TASK TO COMPLETE —
With every picture left out, give the data below back exactly.

PROVIDED MATERIAL —
_ _ _

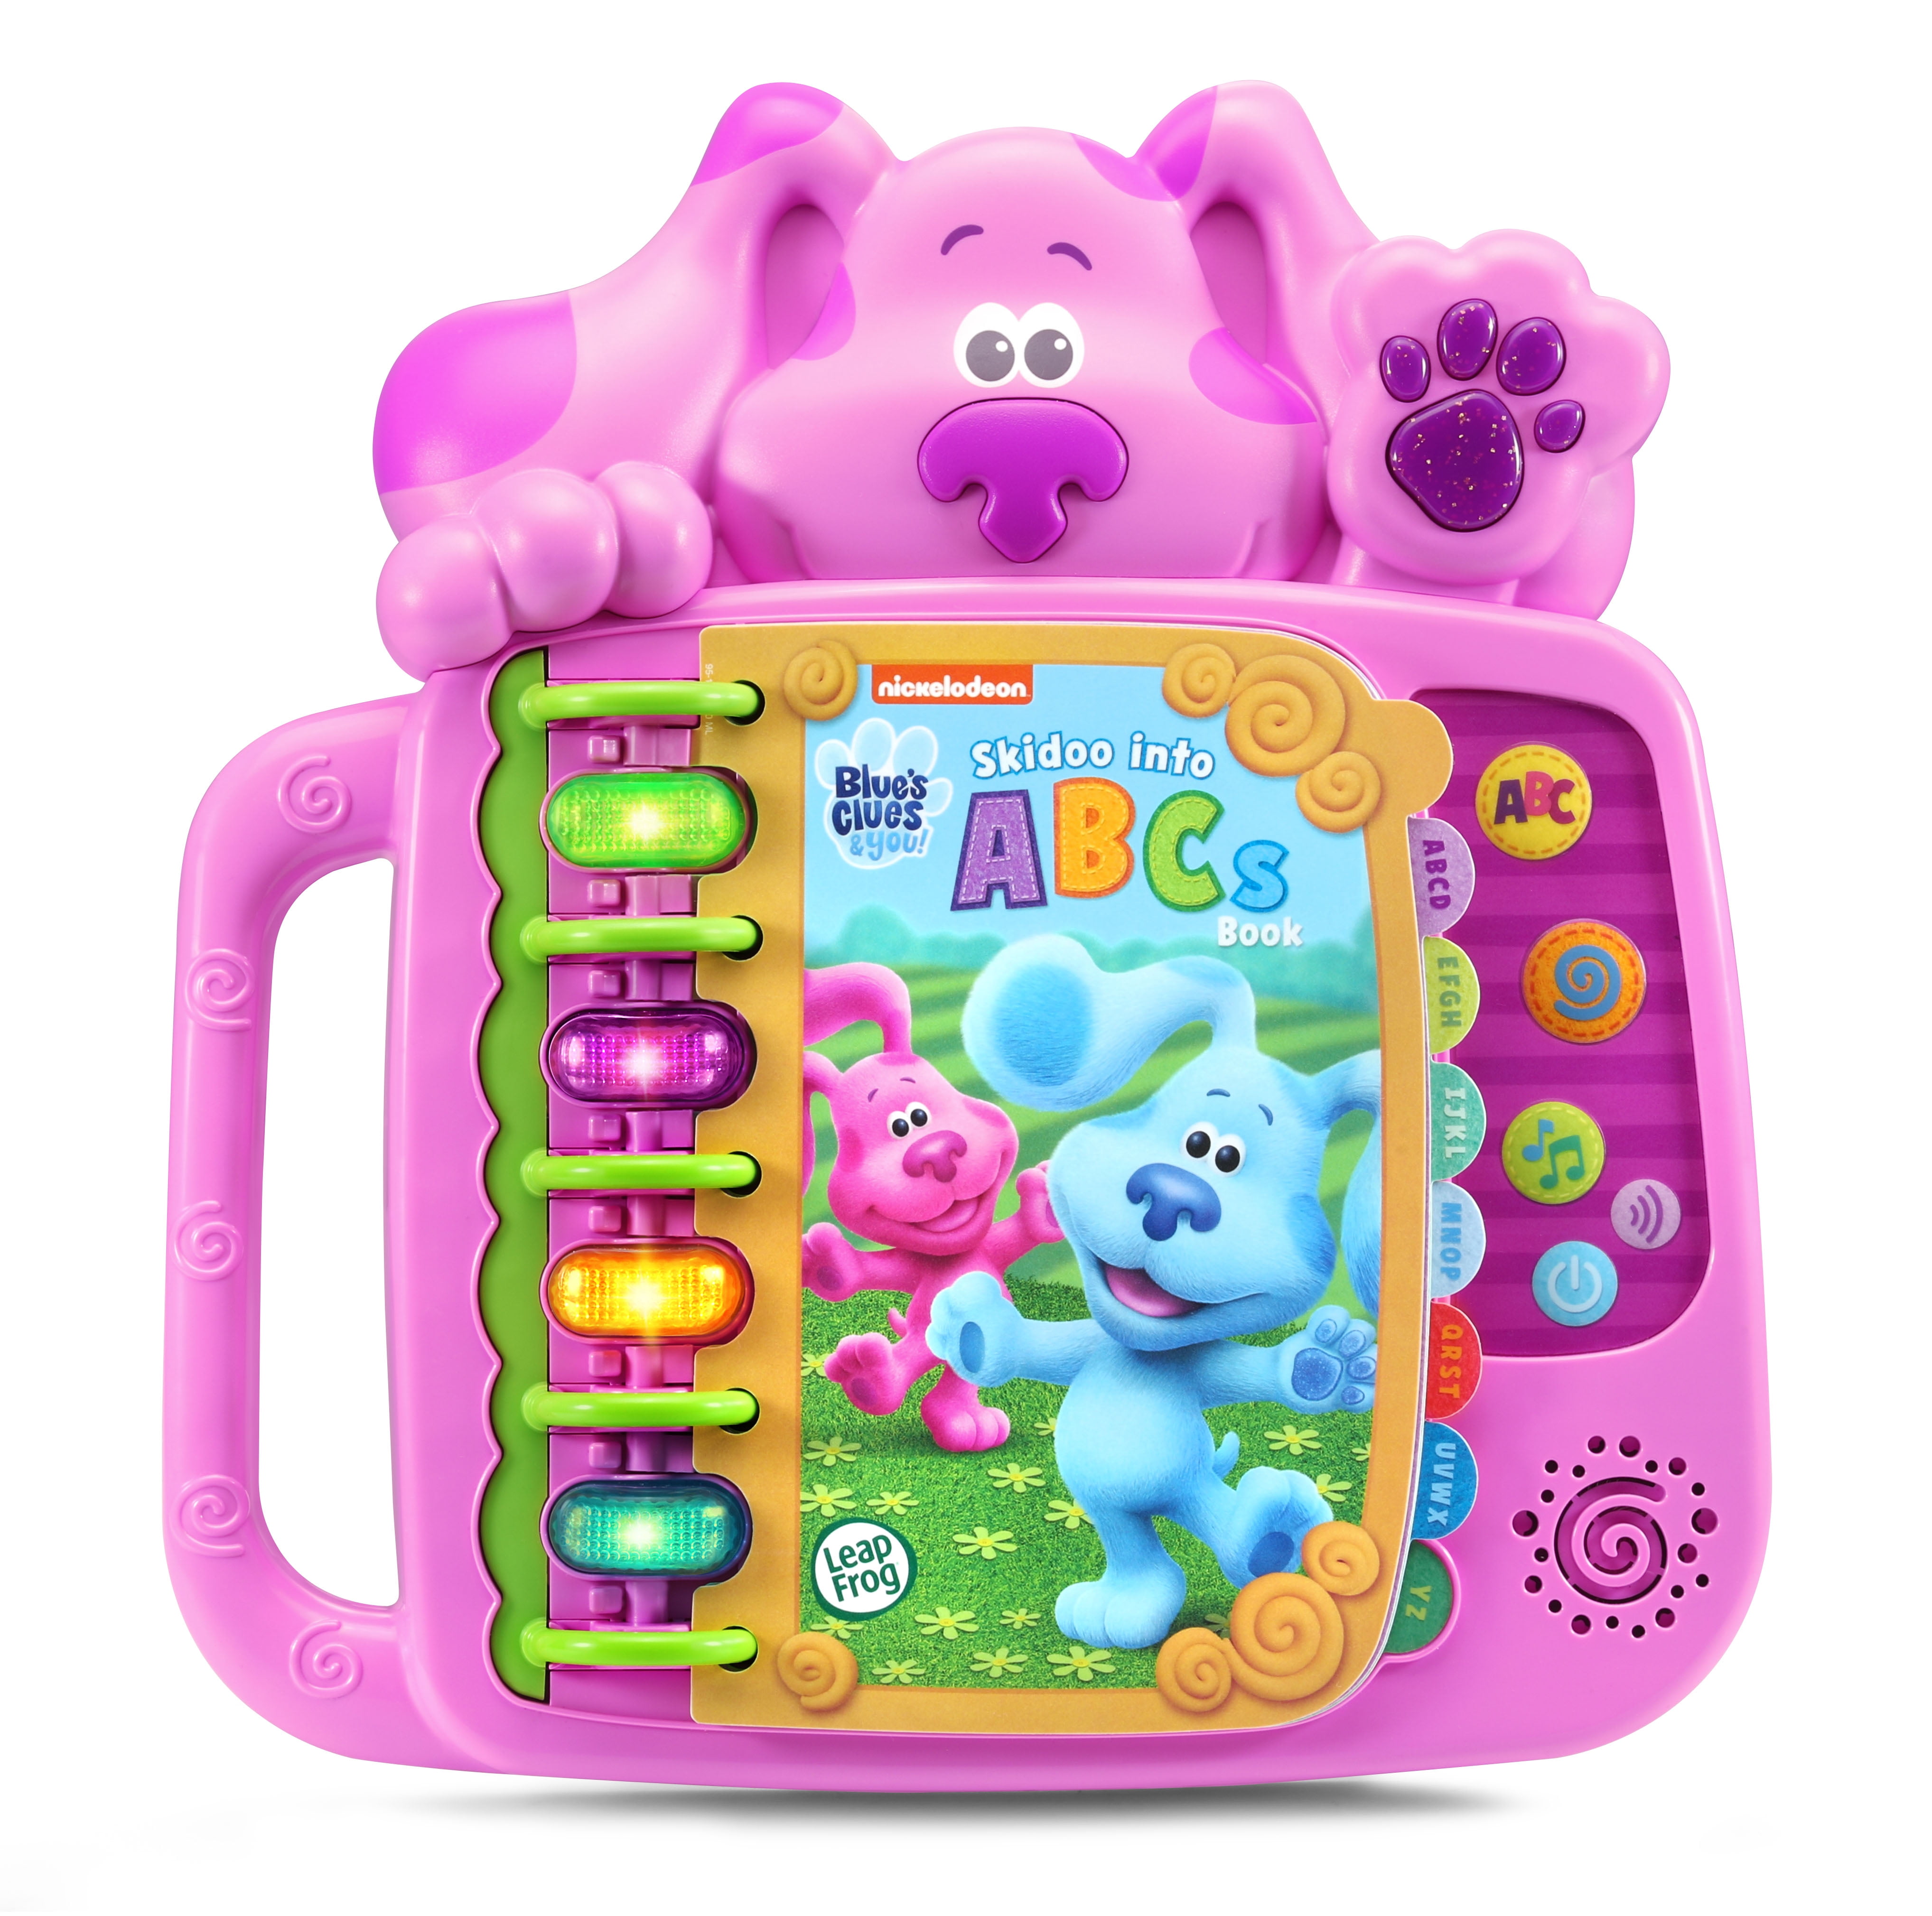 LeapFrog Blues Clues and You Skidoo Into ABCs Book Magenta 
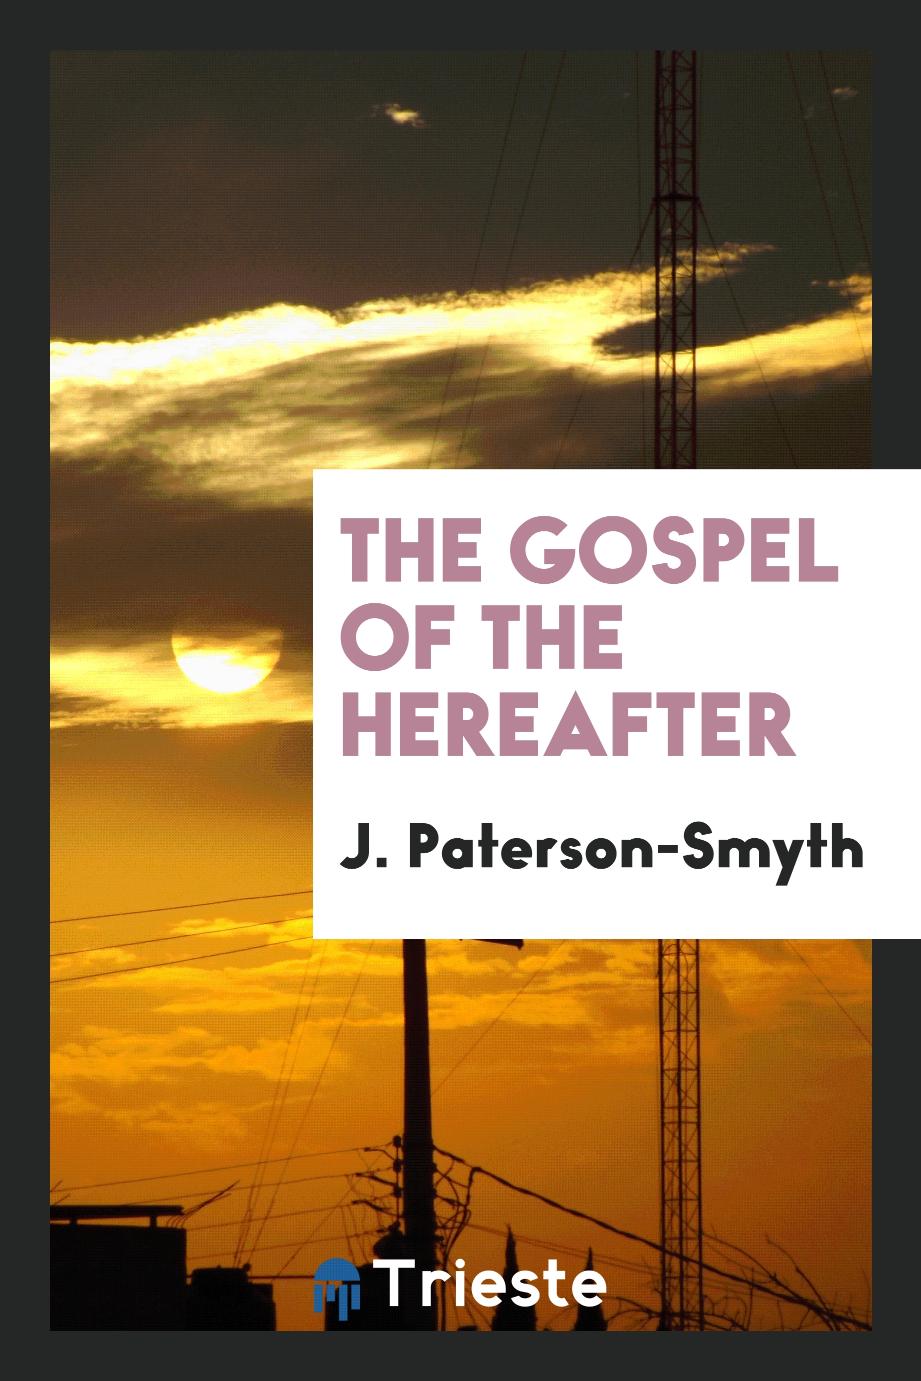 The gospel of the hereafter
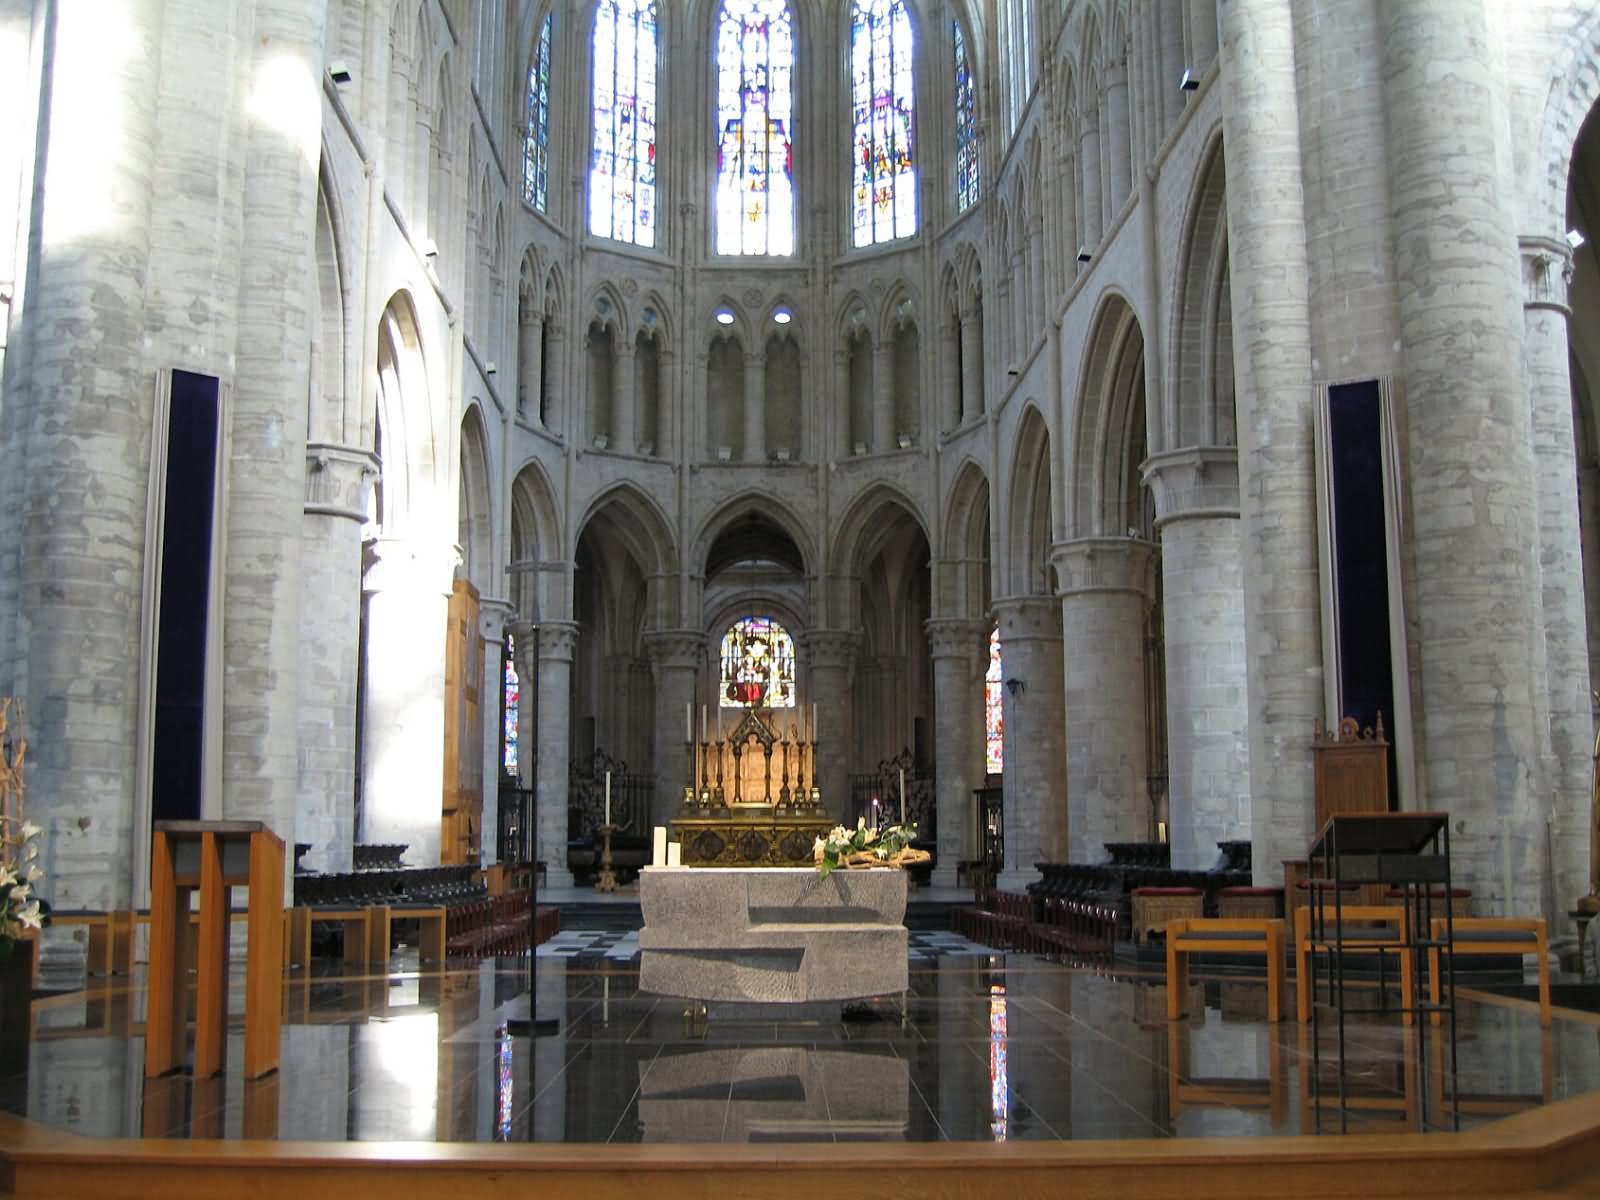 Interior Choir Of The Cathedral of St. Michael and St. Gudula

_ _ _

EXERCISE RESULT —
 LeapFrog Blues Clues and You Skidoo Into ABCs Book Magenta 
 The gospel of the hereafter
 Interior Choir Of The Cathedral of St. Michael and St. Gudula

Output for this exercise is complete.